Carnegie used strategies of vertical and horizontal integration, basically buying all the raw materials and shipping and absorbing competing companies respectively, along with some market manipulation in concert with other robber barons in oil (Rockefeller), and banking (J.P. Morgan), to make his vast fortune. He supported McKinley's tariffs as part of his protectionist efforts to eliminate foreign steel companies as competitors. He also liked the idea of Canada becoming a friendlier (US state) source of raw materials.
The McKinley-Carnegie partnership was pretty similar to the Trump-Musk axis of evil we see today and so was their market manipulation. It also involved the central bank (personified by JP "Jupiter" Morgan) and a financial crisis - the worst to that point in American history.
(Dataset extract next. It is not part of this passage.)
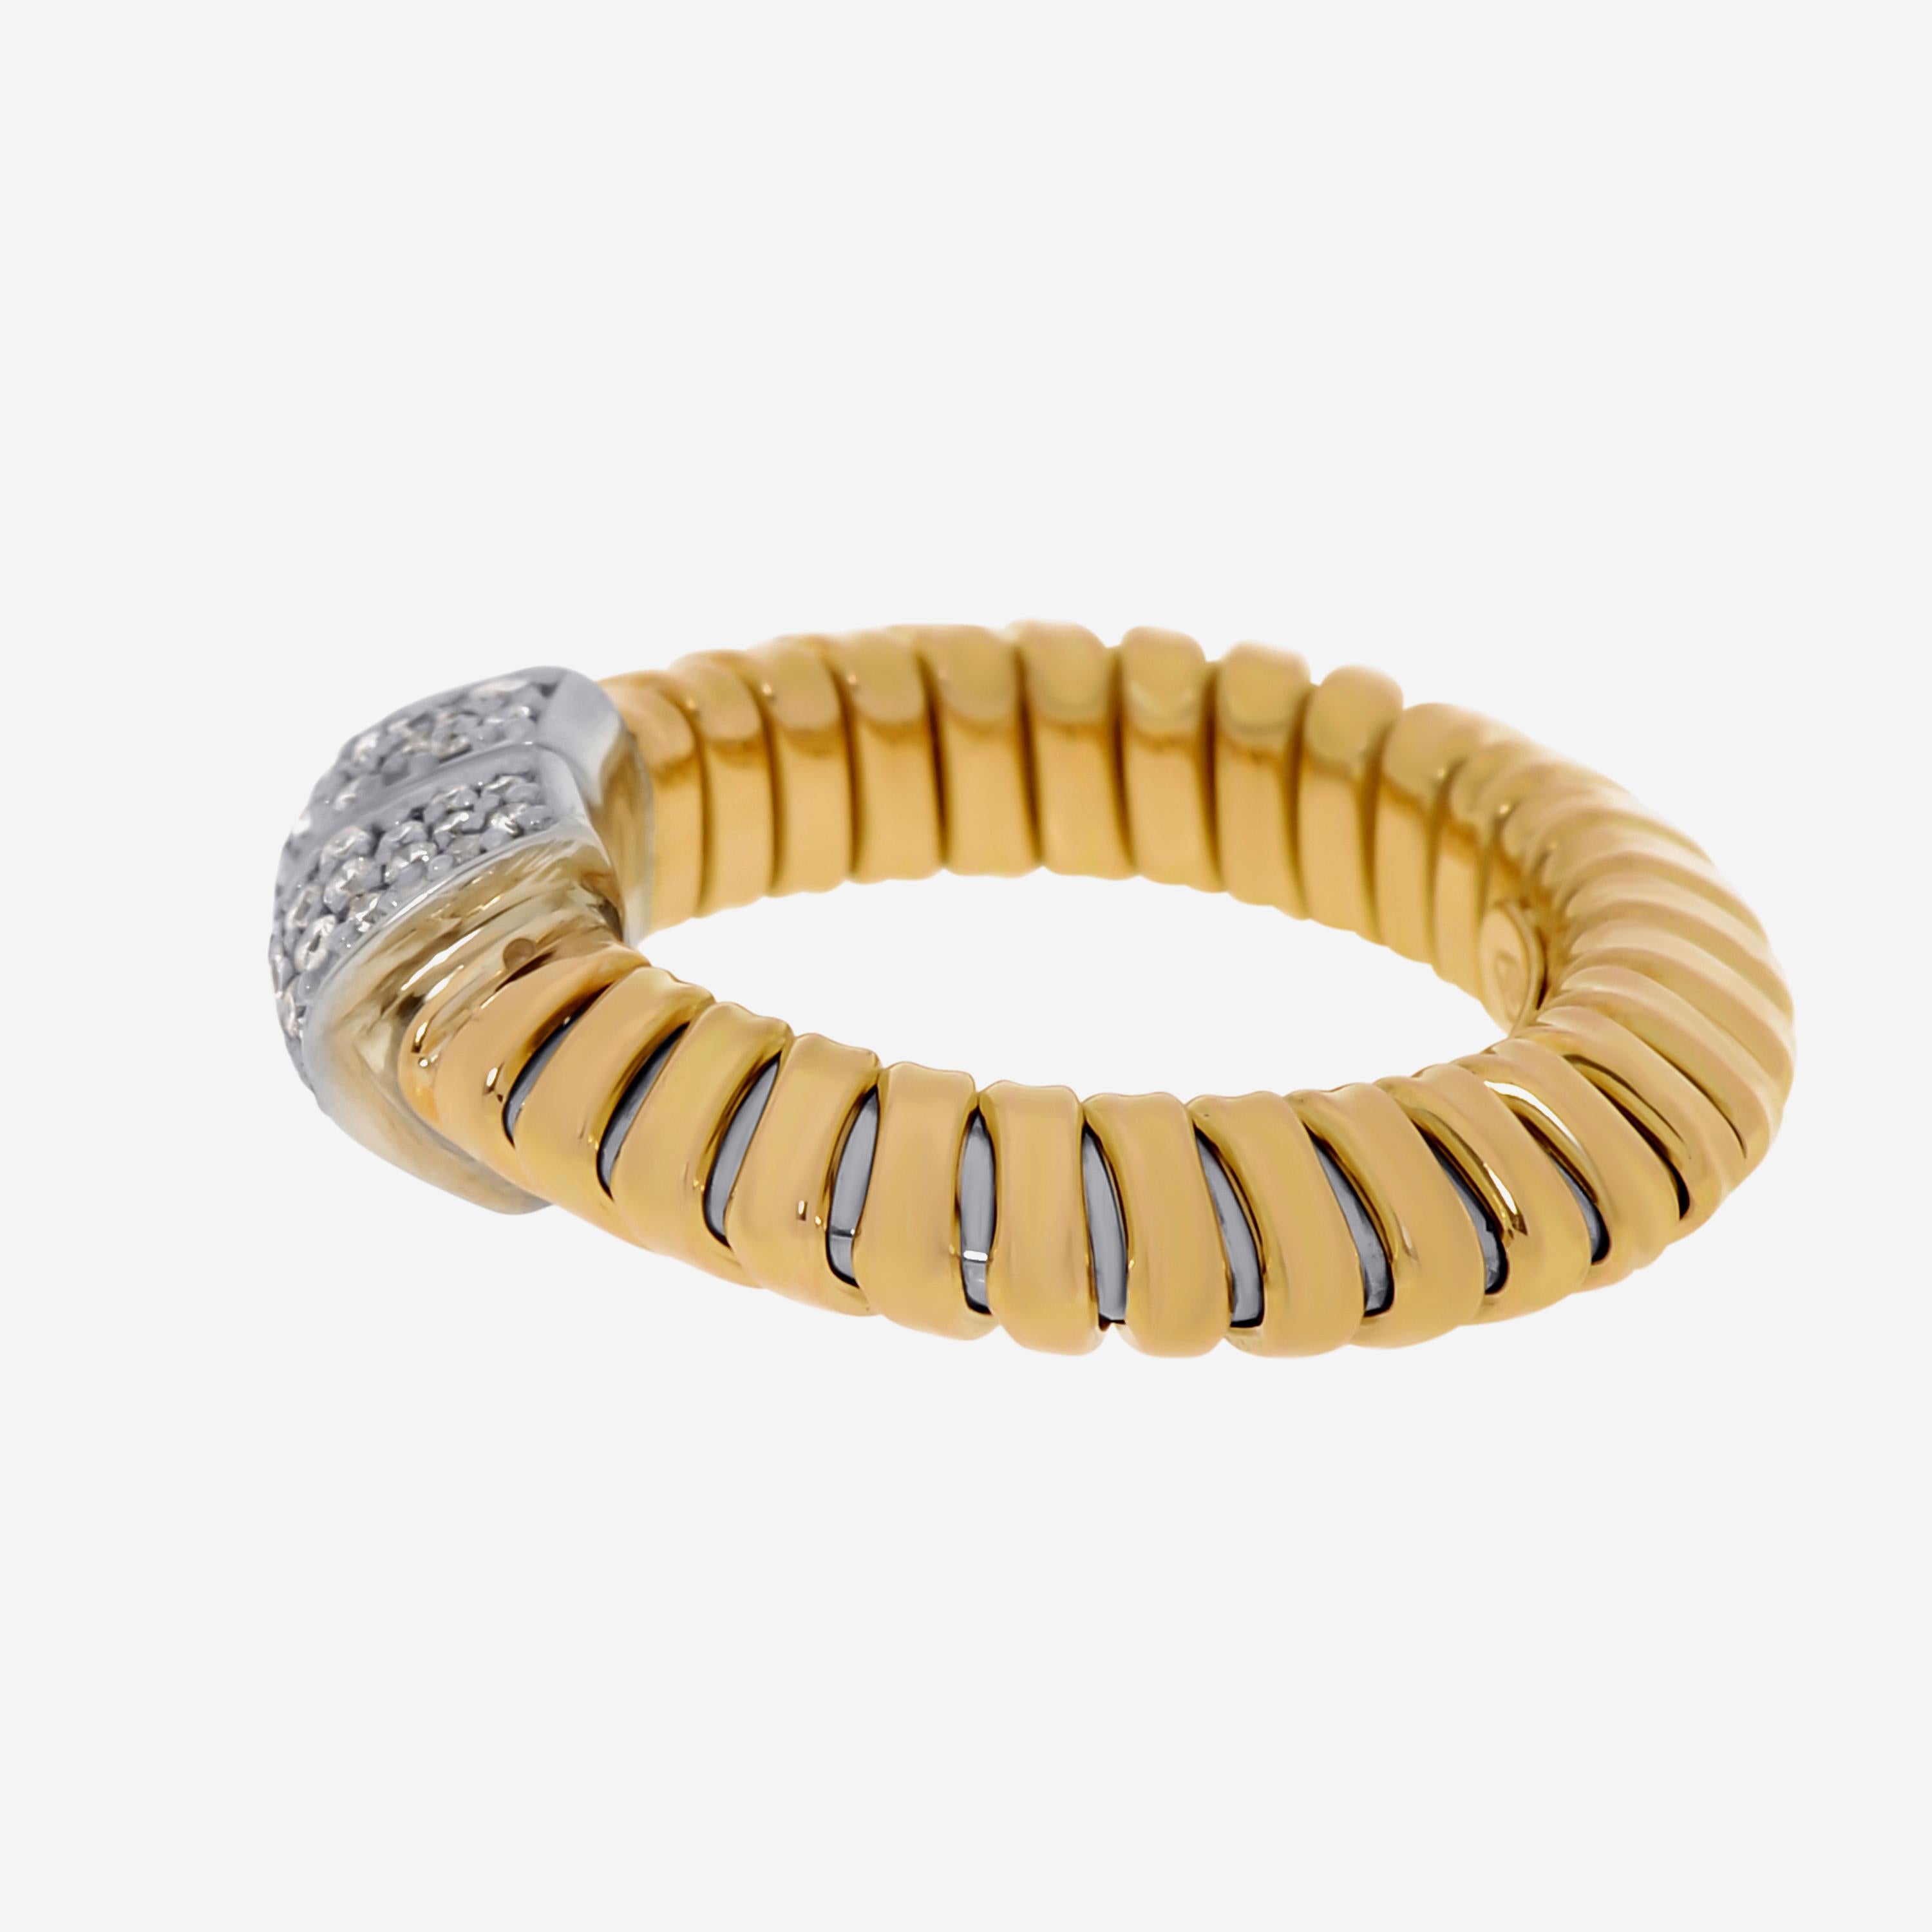 Contemporary Tessitore Tubogas 18K Yellow Gold, Diamond Flexible Ring Sz. 6.25 For Sale

The stock market crash of 1893 was largely triggered by Canada's failure to become a state going so far as to re-elect the aging and unpopular Macdonald who won on the platform of "Canada Strong" and the counteractions of business diversion away from the US to Europe. Lower trade with Canada, and lower trade with Europe, which was now being supplied largely by Canada, and the bankers' scrupulous maintenance of the gold standard in favour of just pulling money out of their asses, caused a bank run. This triggered a proposal by Morgan and some other banks to purchase gold in exchange for - you guessed it, government bonds. This stabilized the US money supply and virtually instituted JP Morgan as the central bank of the time. Not the first, mind you, Andrew Jackson dismantled the 2nd Bank of the US in 1832 for being subversive and dangerous to the rights and liberties of the people. He was so right!
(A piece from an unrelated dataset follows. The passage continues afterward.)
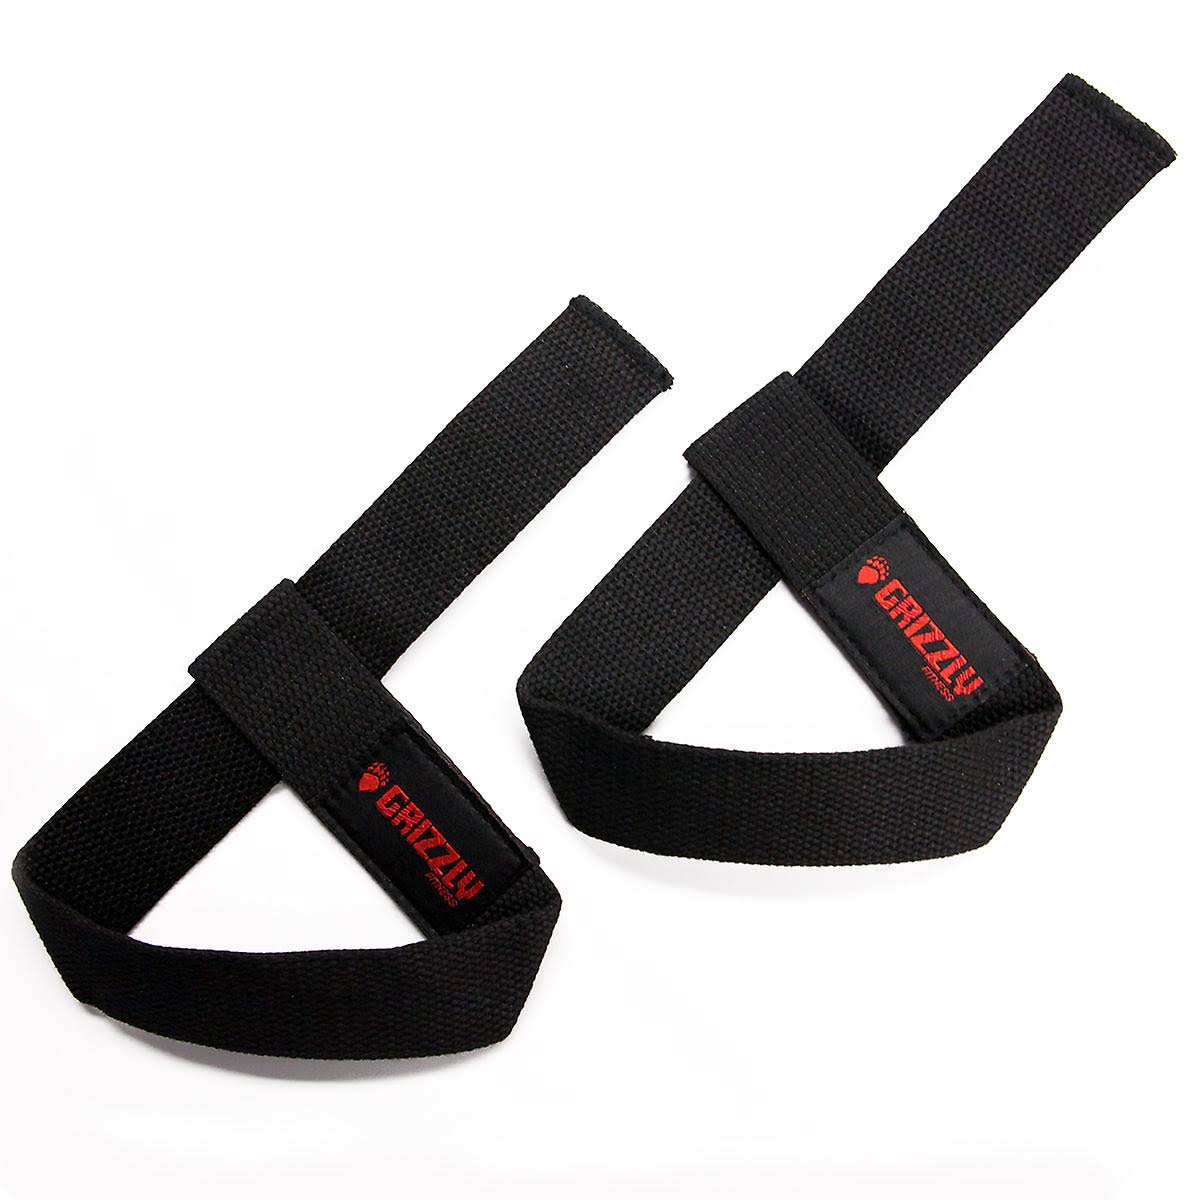 Grizzly Fitness Cotton Weight Lifting Straps - Black, 1.5"

In fact, in 1901 McKinley made a speech on the virtues of dropping the tariffs and protectionism in favour of diversifying international trade once again (with Canada and Europe). It might as well have been entitled "This Tariff Shit Don't Work." He was assassinated the day after the speech by a dude who was one of MANY people who had been adversely affected by the tariffs and economic policies of the times and resorted to anarchy. Leon F. Czolgosz worked at a wire mill (steel) in Cleveland where the wages had been cut resulting in a strike. He eventually was fired and blacklisted but got his job back as Fred Nieman (nobody). He was so affected by the inequality between workers and the wealthy that he quit work and got more involved in the anarchist movement.
Are you noticing any parallels yet? More to come...
Morgan, now the central bank, merged some railroads into a huge hideous conglomeration and did the same with steel by, with Carnegie, forming US Steel the first billion-dollar corporation ever. Unfortunately for them, McKinley's replacement, Teddy Roosevelt, was a strong believer in antitrust and limiting monopolies. This, and some more unscrupulous banking, led to the 1907 financial crisis which was averted by the "central bank" (JP Morgan) bailing out the banks that were failing to meet the demands of the panicked public demanding their savings back. How did he do it? You're starting to get this aren't you? More bonds. ... and a further monopolization of the steel industry by US Steel. Some even accused JP Morgan and others of manufacturing the panic to increase their profits, which they humongously did. But, now I'm just GIVING you parallels, it was never proven.
This created a "need" for a central bank to be the lender of last resort so that scheisters like Morgan couldn't do such things in the future. What Morgan did and what central banks do now is vulture capitalism and it's been repeated over and over again. It's going on now if you ask me. If you have the time, read about it here: chrome-extension://efaidnbmnnnibpcajpcglclefindmkaj/https://teachdemocracy.org/images/pdf/jpmorgan.pdf
It's all just a little bit of history repeating.